(Description of the task)
For the entries that follow, restate word for word the line containing "over a photo", the line containing "お客様は「お店で食べるより旨", and every line that lies between them.
BEGIN Raw data
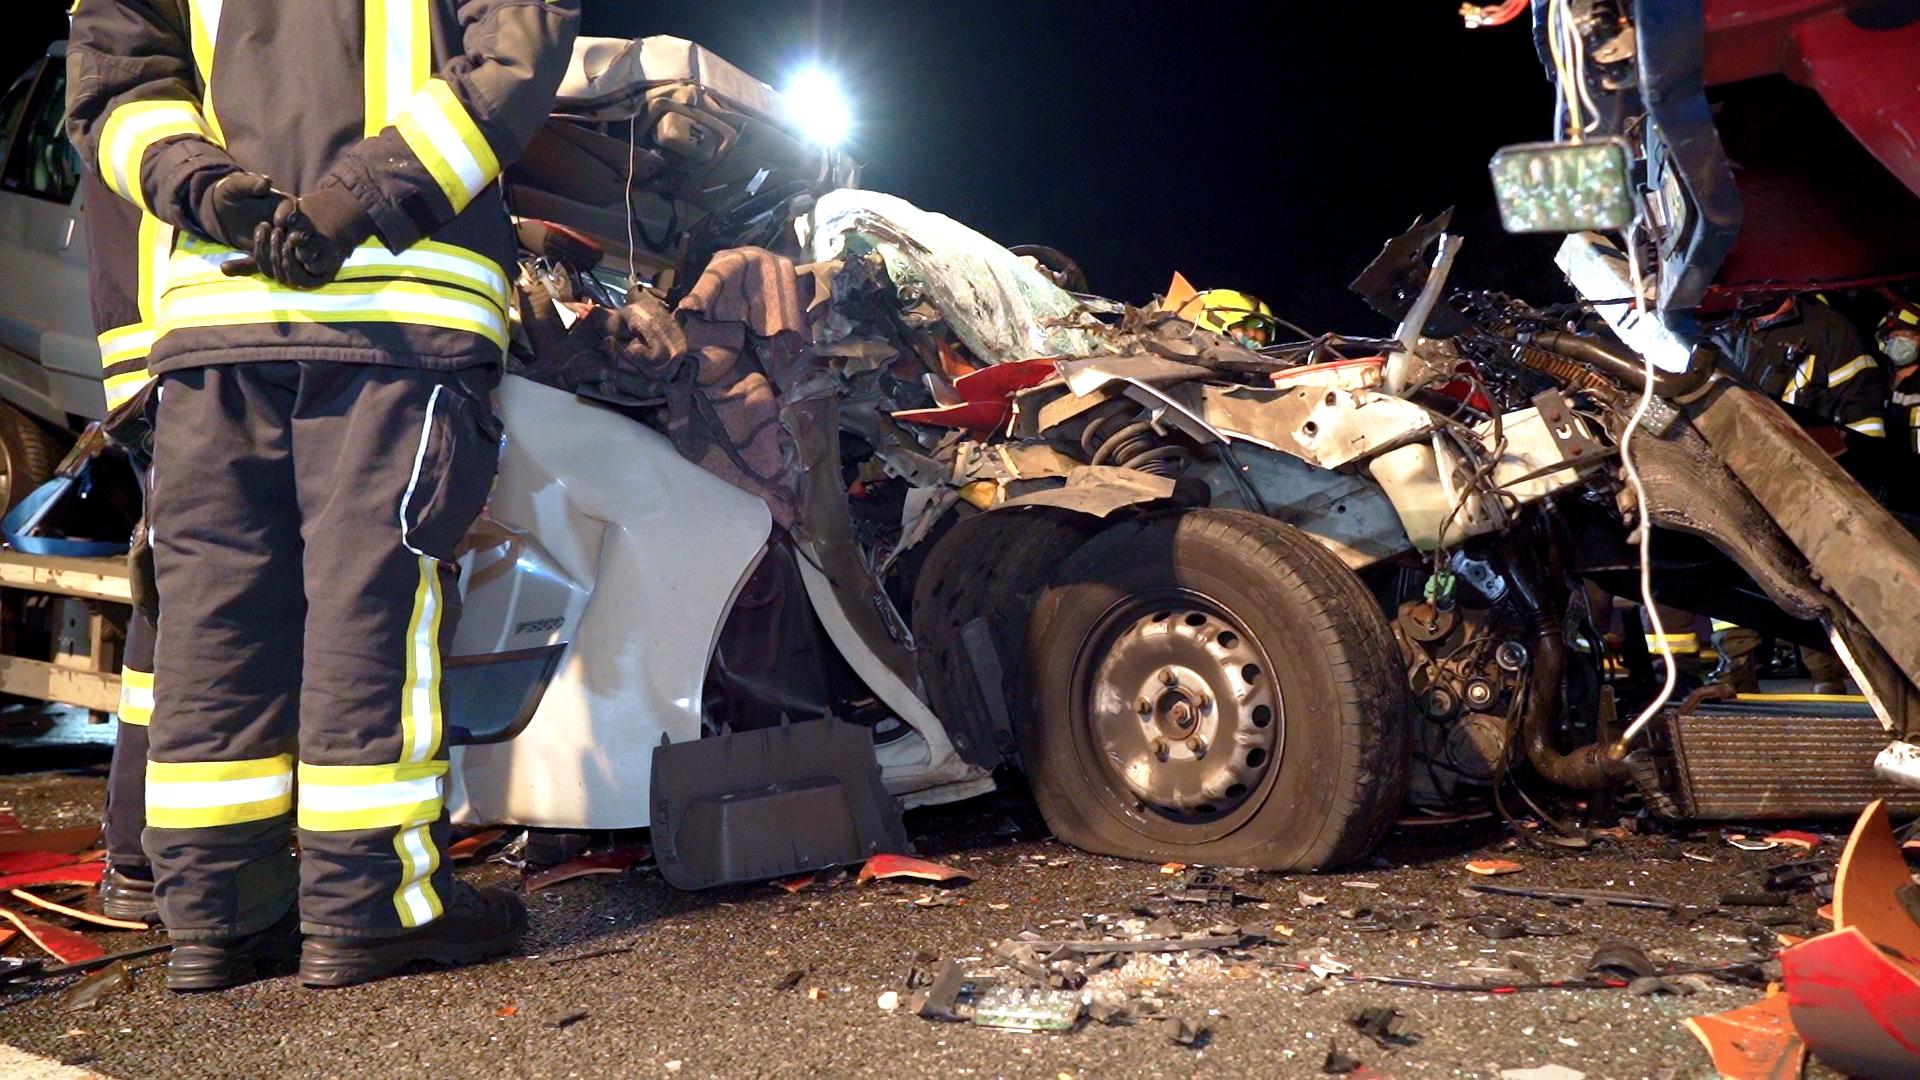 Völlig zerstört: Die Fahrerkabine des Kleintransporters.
END Raw data
BEGIN Raw data
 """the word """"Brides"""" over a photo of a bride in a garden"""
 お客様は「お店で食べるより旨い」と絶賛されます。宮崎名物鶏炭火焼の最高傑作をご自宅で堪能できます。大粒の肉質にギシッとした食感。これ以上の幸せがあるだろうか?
END Raw data
(Task result)
 """the word """"Brides"""" over a photo of a bride in a garden"""
 お客様は「お店で食べるより旨い」と絶賛されます。宮崎名物鶏炭火焼の最高傑作をご自宅で堪能できます。大粒の肉質にギシッとした食感。これ以上の幸せがあるだろうか?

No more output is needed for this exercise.